Настроение у него было прекрасное. Дом дяди теперь принадлежит ему, его охраняют двадцать солдат. Что еще важнее, проблема Перворожденного тоже решена. Цезарь молча благодарил Брута и Рения за верность. И все же где-то в глубине души какая-то его часть говорила, что в конечном итоге Юлий манипулирует их любовью к нему так же хладнокровно, как это могло быть с любым врагом. Цезарь говорил себе, что другого выхода нет, но внутренний голос не успокаивался.
Недалеко от дома Мария Юлий легко нашел мастерскую Таббика. Когда он подошел ближе, его переполнило волнение. Цезарь не видел Александрию со дня своей свадьбы и сначала не решился спросить Тубрука, выжила ли она в той ужасной бойне, последовавшей за его уходом из города.
Протянув руку к двери, Юлий заколебался, почувствовав знакомую нервозность, которую всегда ощущал в ее присутствии. Он удивленно покачал головой, узнав это чувство, потом вошел в дом, оставив своих людей снаружи.
Александрия стояла в нескольких шагах от двери. Она повернулась поприветствовать нового посетителя и радостно засмеялась, увидев Цезаря. Это было простое удовольствие от встречи со старым знакомым. Шею девушки охватывало золотое ожерелье. Рядом работал Таббик.
У Юлия защемило сердце, когда он увидел девушку. С золотым украшением она, казалось, приобрела самоуважение и достоинство, которых у нее раньше не было.
— Ты прекрасно выглядишь, — сказал он, закрывая дверь.
— Это потому, что рядом со мной теперь Таббик, — просто сказала Александрия.
Мастер что-то пробормотал, оторвавшись от работы, посмотрел на человека, вошедшего в магазин, и выпрямился.
— Вы покупаете или продаете? — спросил он, снимая с шеи Александрии ожерелье.
Цезарю стало жаль, что он делает это.
— Нет, Таббик. Юлий мой старый друг, — сказала девушка.
Ювелир кивнул.
— Один из тех, кто присматривает за Октавианом?
— У него все хорошо, — сказал Юлий.
Таббик усмехнулся: ему не удалось спрятать довольную улыбку.
— Я рад этому, — сказал он спокойно и ушел куда-то в глубь мастерской вместе с ожерельем, оставив их одних.
— Ты похудел, Юлий. Неужели твоя красавица жена тебя плохо кормит? — простодушно спросила Александрия.
Цезарь засмеялся.
— Я вернулся только пару дней назад и занял старый дом Мария…

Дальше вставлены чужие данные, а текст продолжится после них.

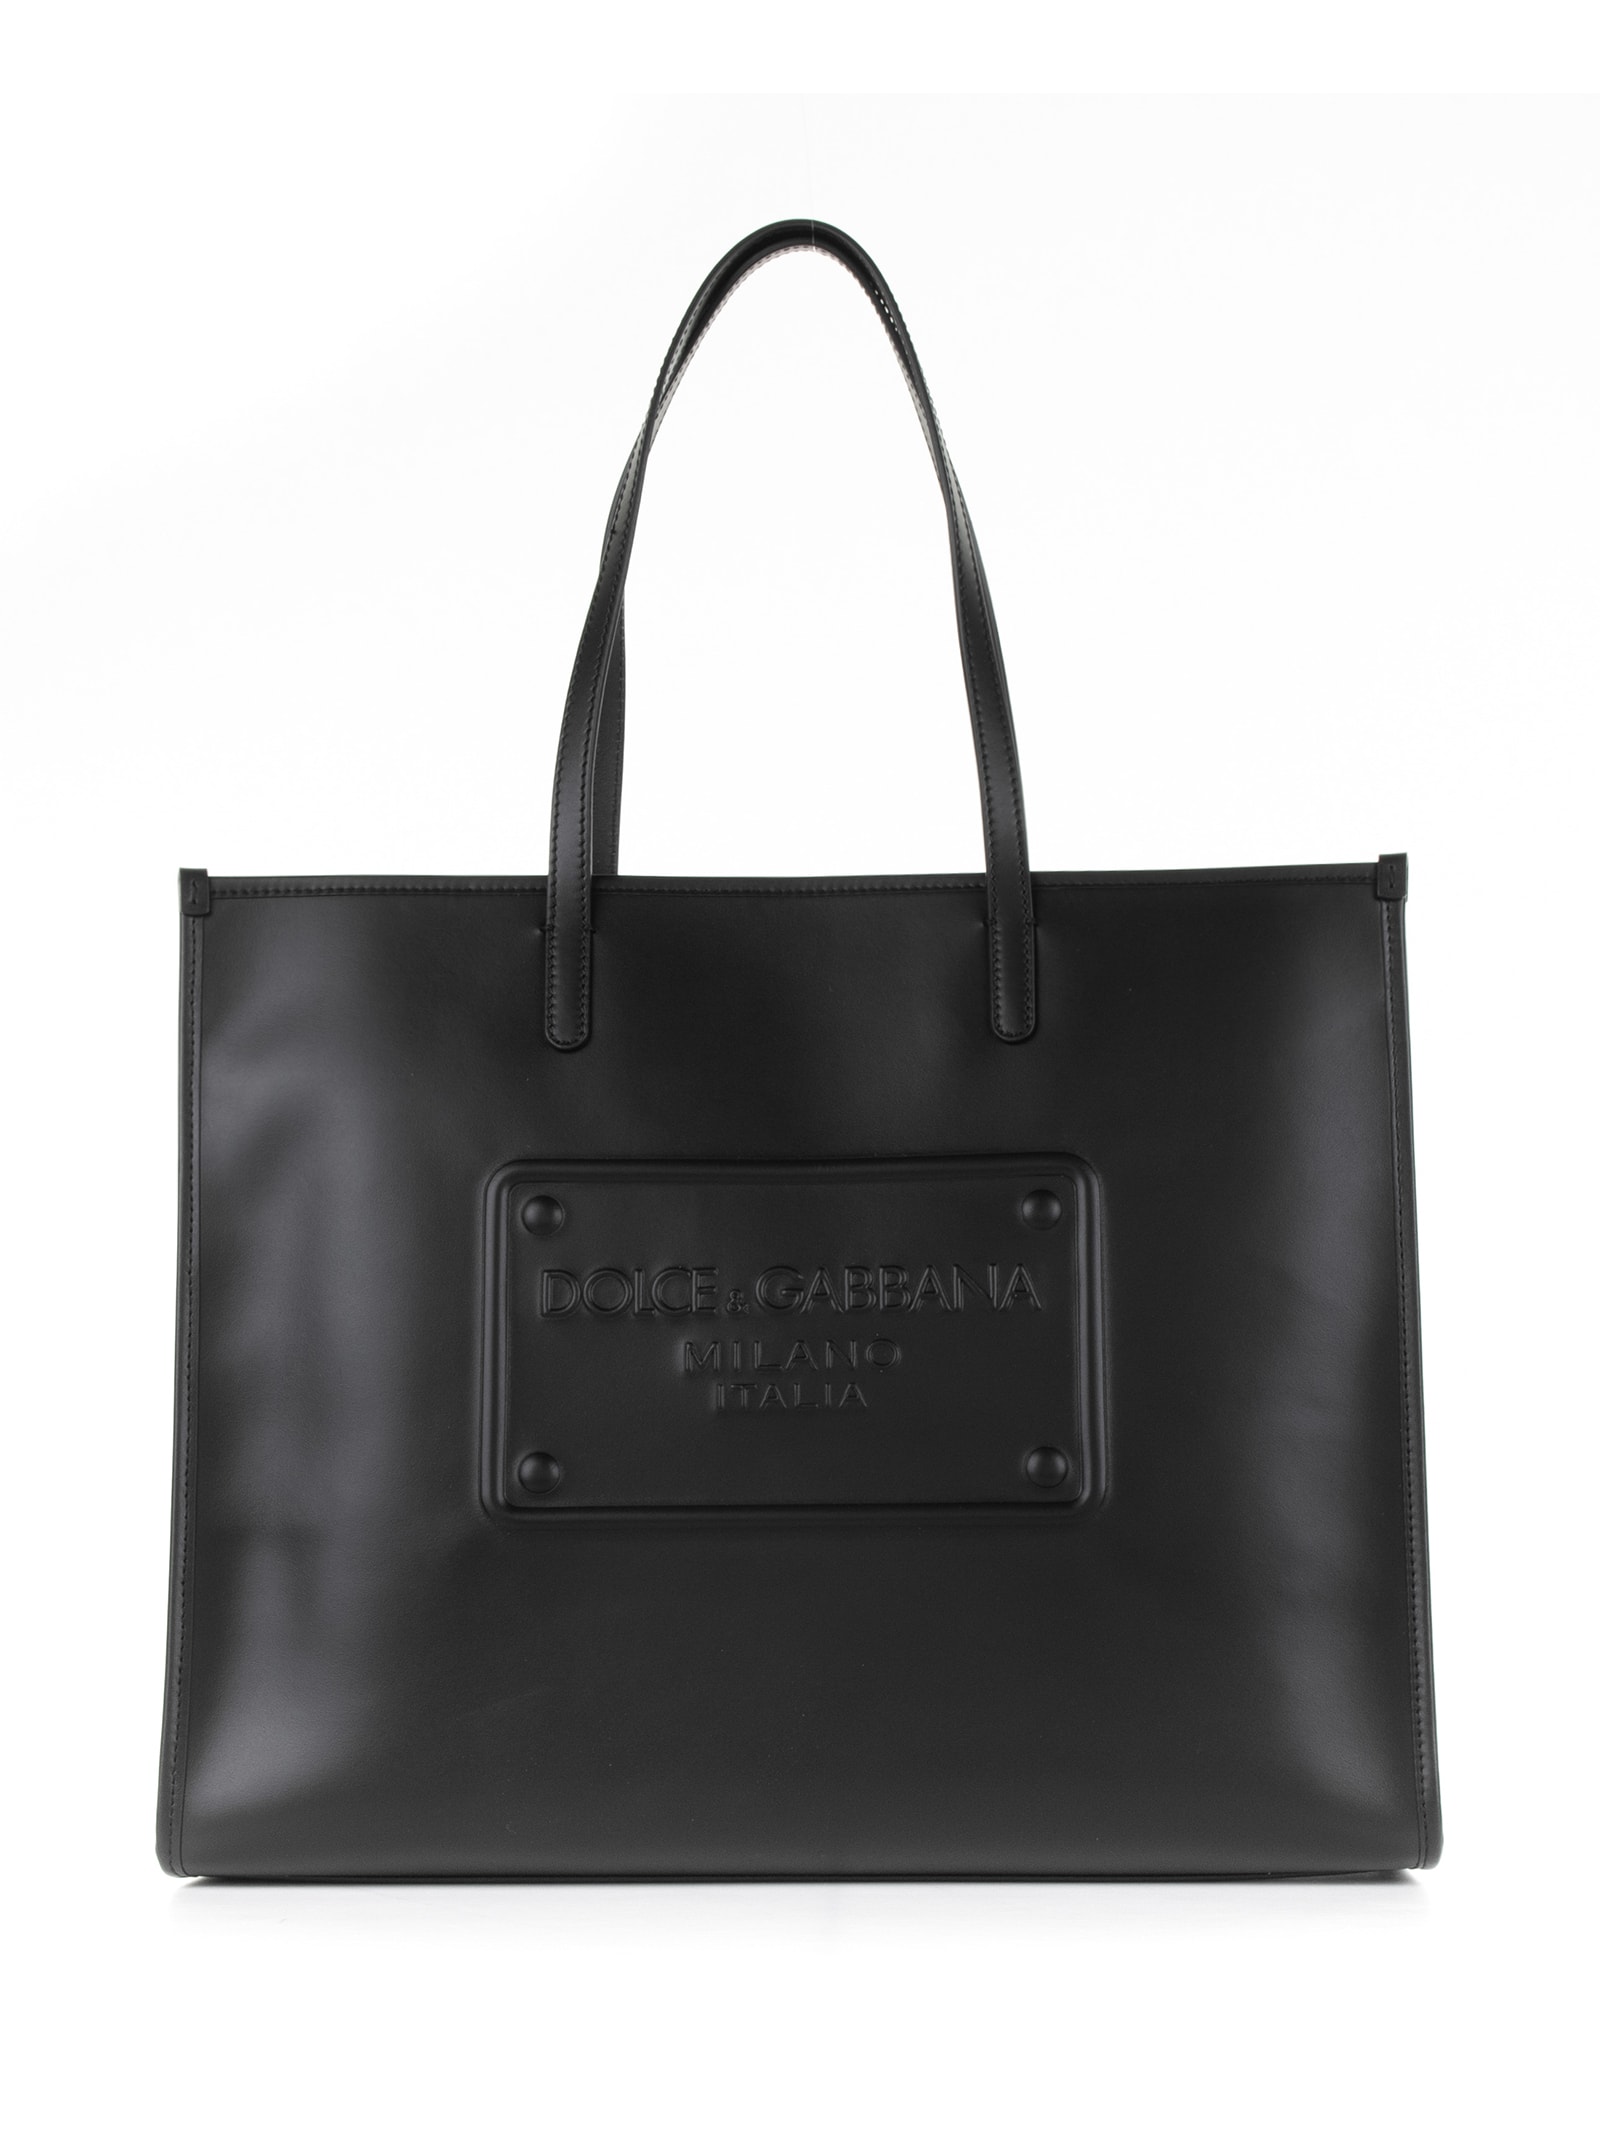 Dolce & Gabbana Logo Leather Large Tote Bag In Nero

Александрия удивленно распахнула глаза.
— Быстро это у тебя получается, — сказала она. — Я думала, там живет советник Суллы.
— Так оно и было. Я обращусь в суд, чтобы официально закрепить за собой дом. Это даст возможность отстоять в городе честное имя Мария.
Улыбка исчезла с лица девушки. Александрия опустила голову и стала теребить фартук, наматывая его на пальцы.
Юлию хотелось подойти к ней, но усилием воли он заставил себя остаться на месте. Его поразило, что он почувствовал влечение к девушке, как только вошел в магазин.
Ты женатый человек, твердо говорил себе Цезарь, и тут же вспыхивал, едва она поднимала на него глаза.
— Итак, зачем ты пришел в нашу скромную маленькую мастерскую? Сомневаюсь, что для того, чтобы повидать меня.
— А почему бы и нет? Я был рад услышать, что ты выжила. Мне сообщили, что Метеллу убили.
Как это всегда бывало, в разговорах с Александрией Юлий начинал что-то мямлить, с трудом подбирая слова, и от этого злился.
Девушка повернулась к нему, сверкнув глазами.
— Я никогда бы не оставила ее, если бы знала, что она собирается сделать. Она стала жертвой — такой же, как и те люди, которых убил на улицах негодяй Сулла. Мне очень жаль, что он быстро умер. Хотелось, чтобы его смерть была долгой и мучительной…
— Я ничего не забыл, хотя в сенате, похоже, не желают вспоминать прошлое, — заметил Цезарь горько.
Они обменялись понимающими взглядами, вспоминая тех, кого потеряли; близость между ними, основанная на общей памяти, оказалась сильнее, чем можно было предположить.